Moreover, we could not evaluate the basis on which the states selected 
specific companies to examine. That is, multiple exams may or may not 
be duplicative. For example, several states may examine the same 
company for different reasons. Alternatively, multiple state 
examinations of the same company may be necessitated by an insurance 
company's failure to take corrective action in all jurisdictions that 
are affected by an inappropriate activity.

[15] In congressional testimony, J. Robert Hunter, of the Consumer 
Federation of America, presented data showing that, on average, it took 
10 years for the average state to complete any market conduct 
examination on a domestic insurer and longer for a nondomestic insurer. 
Statement of J. Robert Hunter, "Increasing The Effectiveness of State 
Consumer Protections," before the Subcommittee on Oversight and 
Investigations, Committee on Financial Services, House of 
Representatives, May 6, 2003.

[16] NAIC's current emphasis on issues related to market conduct are in 
large part a response to provisions in the Gramm-Leach-Bliley Act, Pub. 
L. No. 06-102, November 12, 1999, which addressed insurance regulation, 
and to competitive pressures within the insurance industry. 

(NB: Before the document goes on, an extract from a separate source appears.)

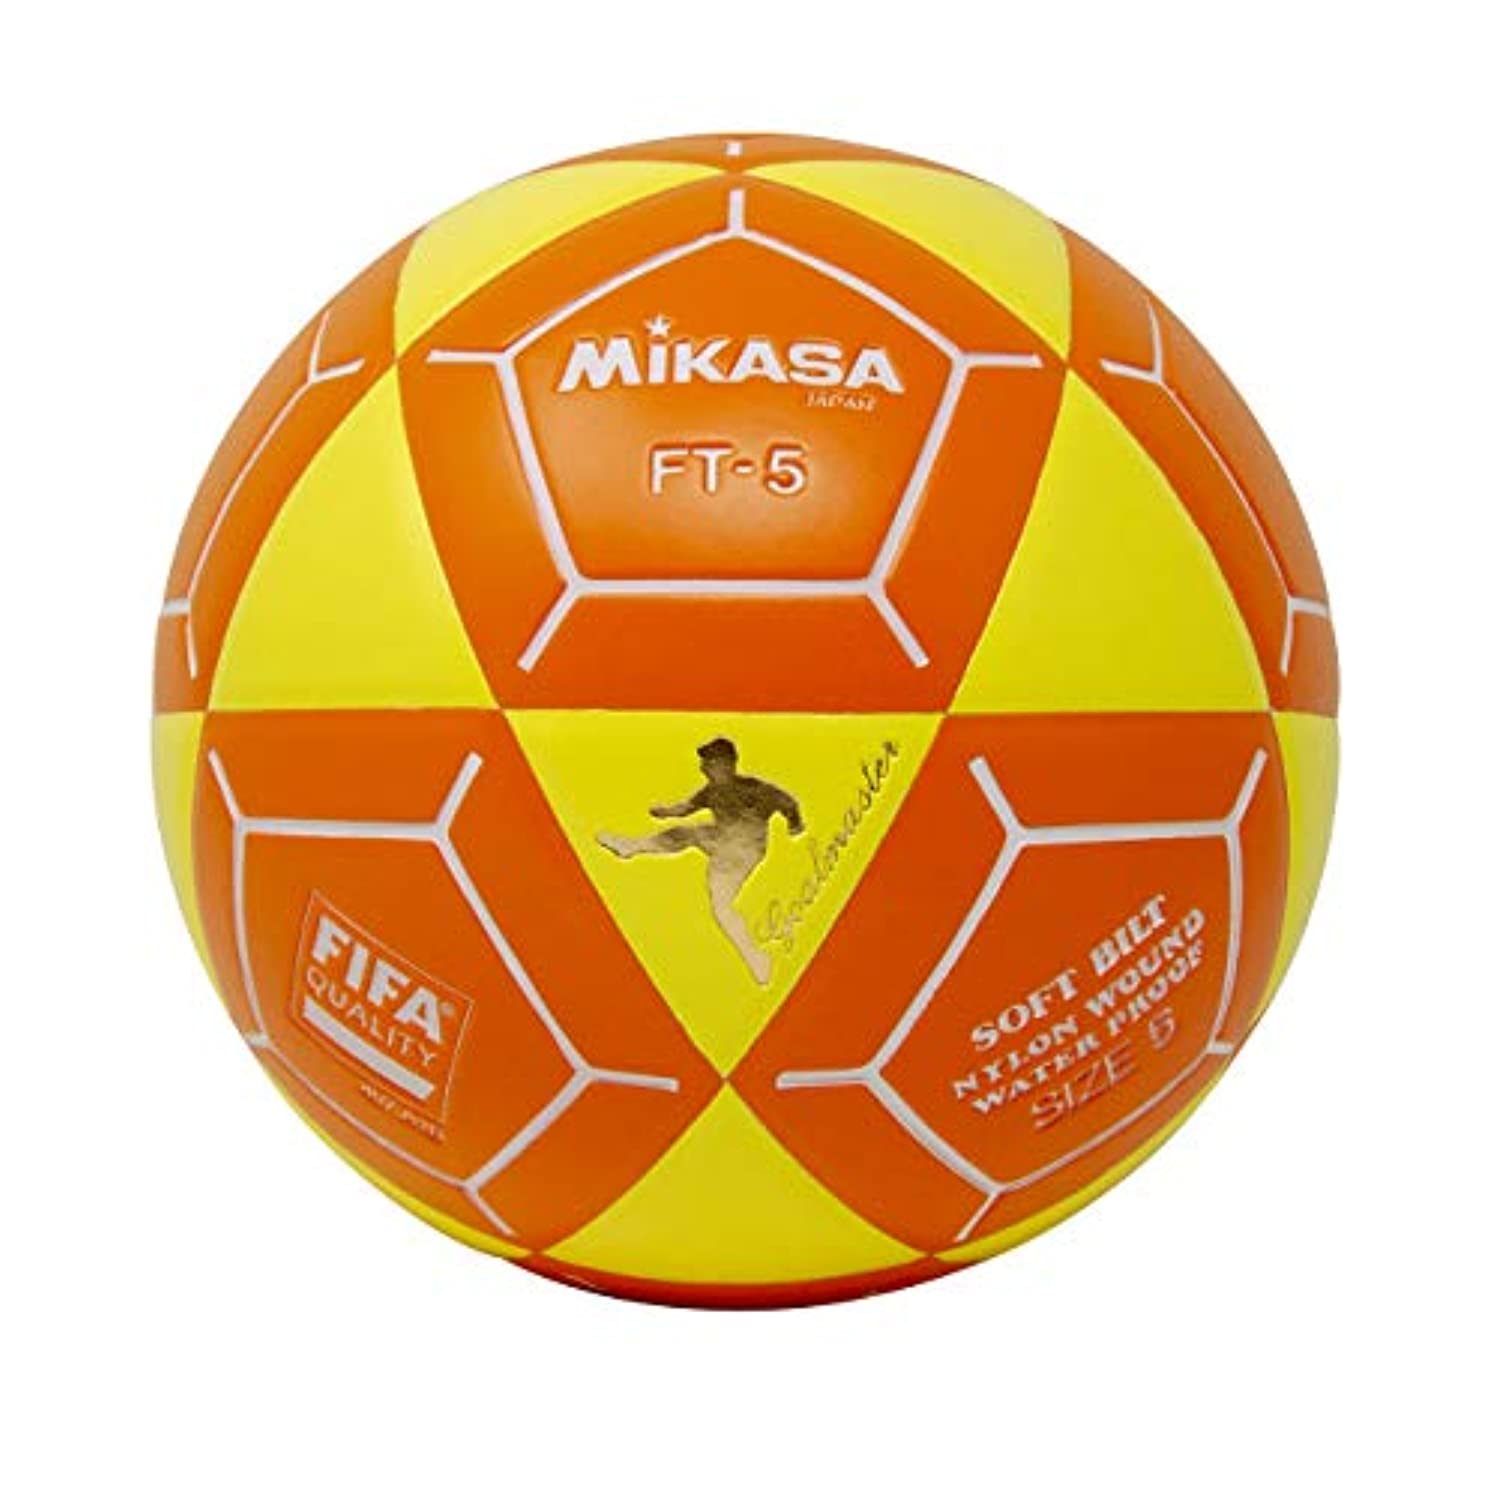 Mikasa FT5 Goal Master Soccer Ball, Yellow/Orange, Size 5

[17] McKinsey & Company, Inc., Strengthening the Surveillance System, 
Final Report, a report commissioned by the National Association of 
Insurance Commissioners, April 1974.

[18] Statement given by Joel Ario, Insurance Administrator for the 
State of Oregon and Chairman of NAIC Market Regulation and Consumer 
Affairs Committee, before the Subcommittee on Oversight and 
Investigations, Committee on Financial Services, House of 
Representatives, May 6, 2003.

[19] The scope of our work did not include an analysis of whether the 
"right" companies were being examined or not, but no one else, 
including insurance regulators, knows this for sure. 

[20] Officials in Missouri, which has an active formal market analysis 
program, emphasized this point, telling us that market analysis was not 
a substitute for market conduct examinations but should interact with 
and be integrated into the examination process.